As Axel Bruns and Jean Burgess argue (2011, p. 7, and Chapter 1, this volume), “To include a hashtag in one’s tweet is a performative statement: it brings the hashtag into being at the very moment that it is first articulated, and—as the tweet is instantly disseminated to all the sender’s followers—announces its existence.” Which is to say that it is a saying which is also a doing, to paraphrase Austin (1975, p. 5), an utterance that is at the same time an action. To use a hashtag is to imbue that actant with the properties of material action, to move it from the virtual to the actual, to make it an actor in its own right. To accelerate it into motion in this way, to imbue it with affect, allows it to affect in turn; it weaves it into Actor-Networks of potential new configuration. That said, Bruns and Burgess note that once this performative act happens, “the extent to which the community around the hashtag becomes more than an issue public of one depends on its subsequent use by other participants” (2011, p. 7, and Chapter 1, this volume). I agree, with two provisos. The first is that while it may be a community or a public that forms around a given tag, these are only two possibilities among many. Other configurations to which hashtags are articulated are possible—to pick a few at random: advertising campaigns, political platforms, social movements, smear campaigns, activist protests, harassment crusades,1 consumer products, and revolutions (see Figure 1.1). Not all hashtags have politics, create publics, or maintain communities, in other words. But some can, and some do. The obverse is also true: just because one hashtag does not articulate to a greater movement, community, or politics, it does not mean another might not.

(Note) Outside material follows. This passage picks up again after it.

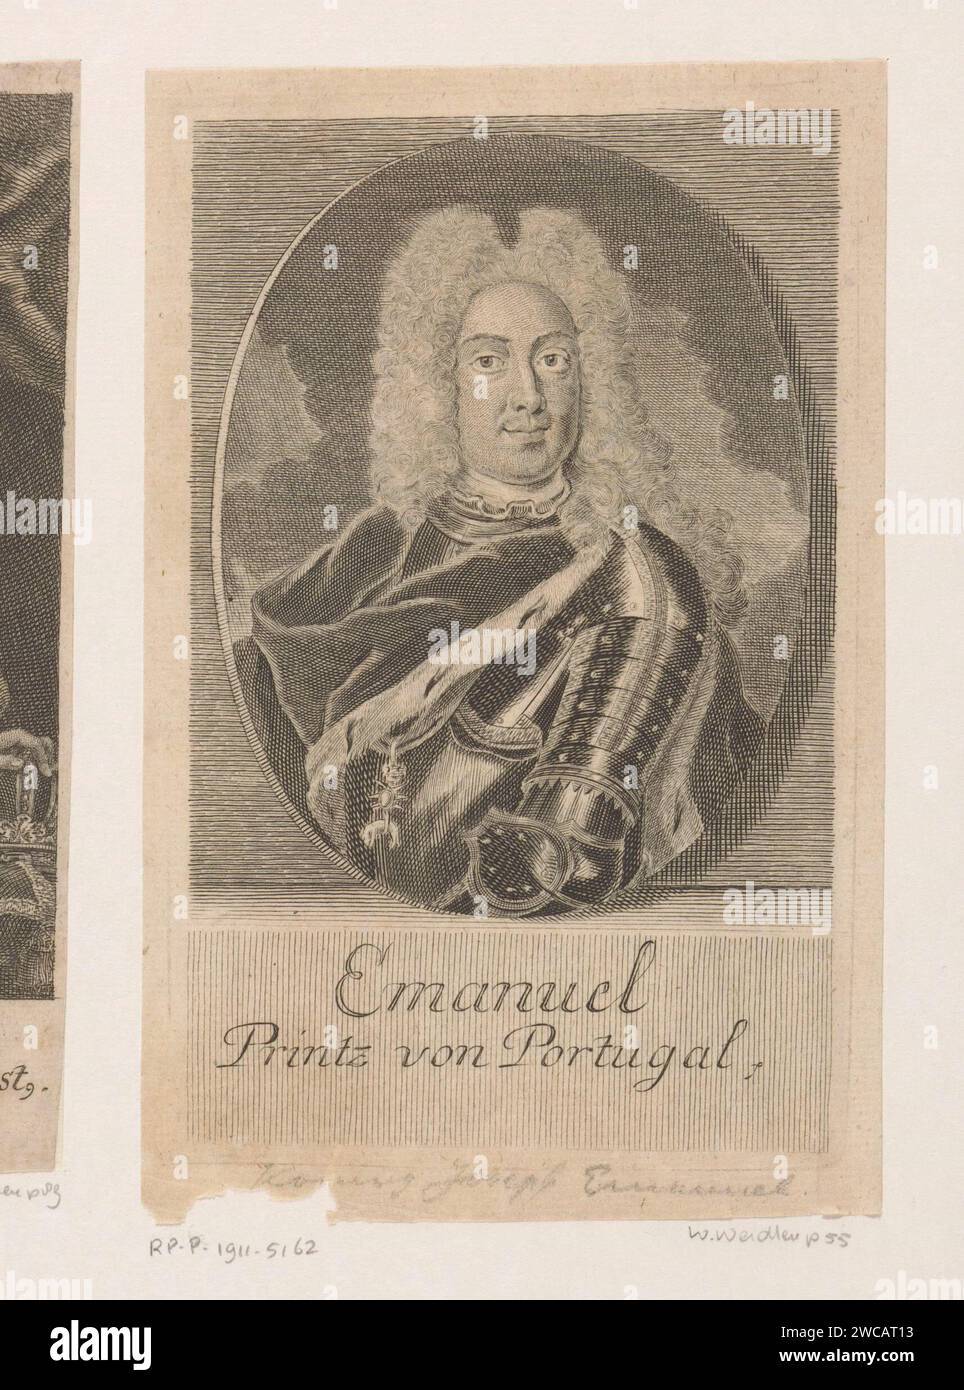 Portrait of Infante Manuel, Graaf van Ourém, Martin Bernigeroth, 1721 - 1767 print  Leipzig paper engraving historical persons. armour. mantle, gown, dress (symbol of sovereignty). knighthood order of the Golden Fleece - insignia of a knighthood order, e.g.: badge, chain (with NAME of order) Stock Photo

A hollow hashtag public around a tag such as #yolo does not negate the force around #Ferguson or #outcry (see Rambukkana, Chapter 2, and Antinakis-Nashif, Chapter 7, this volume).
As with Simondon’s brick that inherits its singular nature neither from the clay poured nor from the mould applied but from both—from the event of their combination, the process of their application to each other, the sequence and specific method of their admixture—hashtag-mediated assemblages inherit their character neither solely from the social material poured into them nor from their specific nature as technology or code alone but from the singular composition of each tag in their “continuous locality” (Latour, 1996, p. 6): in how they are crafted; for what purpose; among what other actants and actors, individual, technical, communal or corporate; as well as in what spaces, through what technologies, with what coverage; and finally articulated with which effects, with what temporality, and through which history. Hashtags, as a form of digital intimacy, are a way that things in the world touch other things in the world and form networks with them; they are multiple, open-ended, and contingent phenomena. ← 5 | 6 →
Figure 1.1. Hashtags on consumer products (image credit: Alina Murad, 2015).
BREAKDOWN OF SECTIONS
The first section of the collection, “Theorizing Hashtag Publics,” takes a panoramic view of some of the theoretical issues that attend the intersection of hashtags and the political. Covering governmental politics, industrial politics, the politics of representation, and the temporality of discourse, these papers run the gamut of levels of hashtag engagement and explore the deep theory and history of the hashtag.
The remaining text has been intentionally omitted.